Leo shouted a warning, but it was too late. They didn’t yank the older boy off his feet as they’d done with Leo. Instead, they drank him dry in moments as his skin became wrinkled and sunken. One moment, he’d been a young man with his whole life in front of him, and the next, he was a desiccated corpse.

“What out for the mane!” he yelled, though he wasn’t sure anyone heard him over the din of battle.

Leo only had a few moments to wonder why he hadn’t met a similarly grisly fate, but the answer sprang to mind almost immediately: the light. It was only the blades that had been illuminated that the thing seemed particularly concerned about. None glowed half as brightly as his, of course, but even Reggie’s dully-lit blade made wounds that didn’t heal immediately, unlike the steel weapons that most people had.

Unfortunately, every time it was sorely wounded, it just devoured another villager, and in seconds, it was as good as new. It still fought Leo, but now Leo understood. This wasn’t a single combat to the death against an unintelligent beast. This was a battle of attrition. The fight continued on, and he and other warriors both struck excellent blows that would have killed or maimed anything else, but it would simply devour another opponent and keep on fighting.

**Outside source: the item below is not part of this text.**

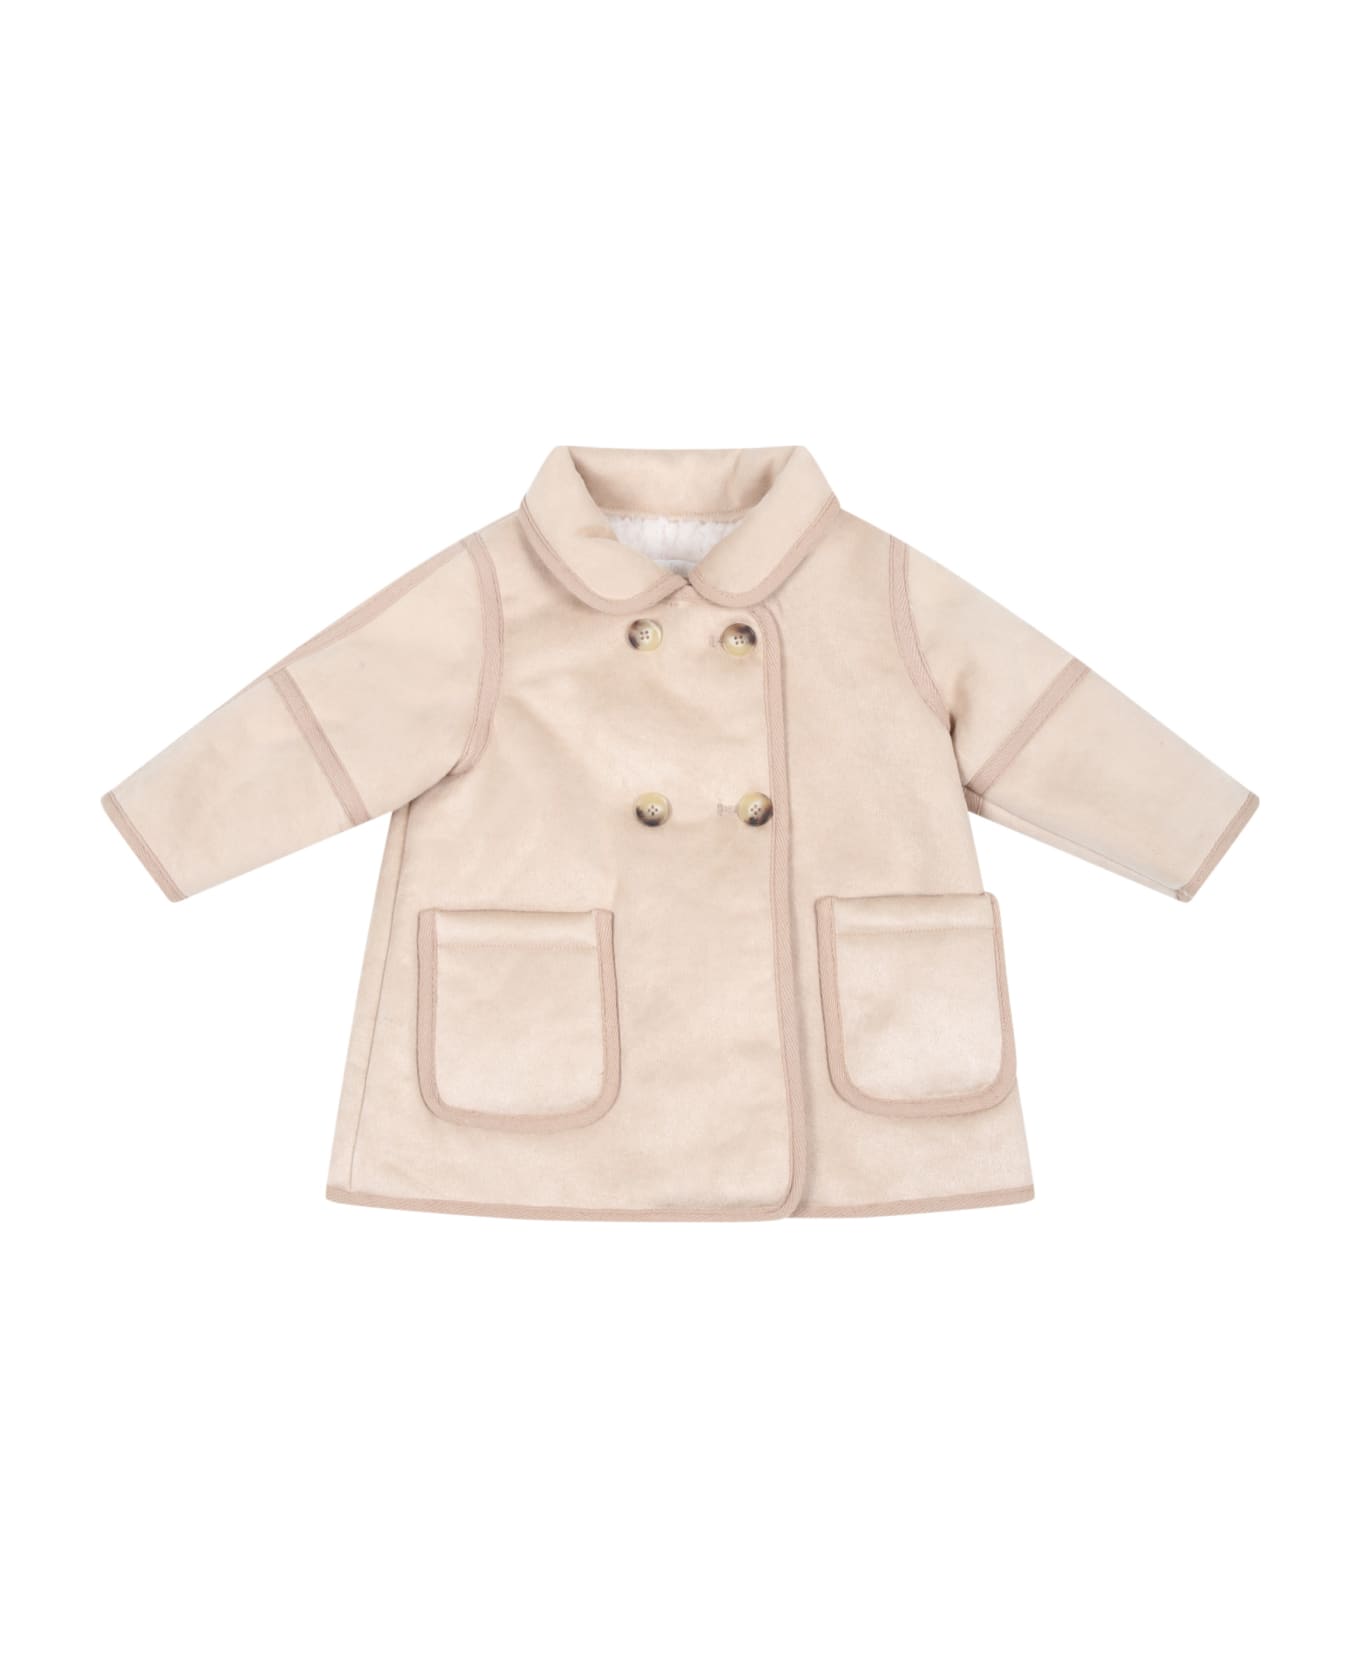 Chloé Beige Coat For Baby Girl - Beige

That didn’t really hit home, though, until the thing sent Toman tumbling to the ground covered in blood. The older boy had fought fiercely, but he hadn’t noticed the subtle shift, and the beast had whirled around, raking him with one of its terrible claws.

Leo wanted to rush to him and save him, but there was no time for that. He wouldn’t have been able to do that even if it was Cynara who lay dying at his feet, no matter how much he might want to. Instead, all he could spare was a quick glance at his dying friend and a silent prayer that he would manage to heal his own wounds and recover.

“This ends here, beast!” Leo yelled. “I’m sending you back to the lowest pit where you belong!”

The beast turned and regarded him, and Leo thought he saw something like recognition flicker across its bestial features. “You are no Siddrim,” it growled, “You are no Eldrim or Tearin-Far or any of the other Sun Gods that came before him. You have no chance to defeat me!”

Leo had no idea who most of those people were, but despite those bold words, the monster seemed more cautious than it had at the start. That made sense, though. It wasn’t just his eyes and his blade that were glowing with light now. It was his whole body. He was radiating enough light to turn night into day now, and that worried that thing. He could tell.

Leo was tired, too, of course, but there was nothing for it. This was the reason he’d been gifted this blade. He could tell. He could feel it in the way it moved in his hand. The Goddess had told him that he would purge a great evil, and though he hadn’t been impressed by this at first sight, there was obviously more to this monster than he’d first expected.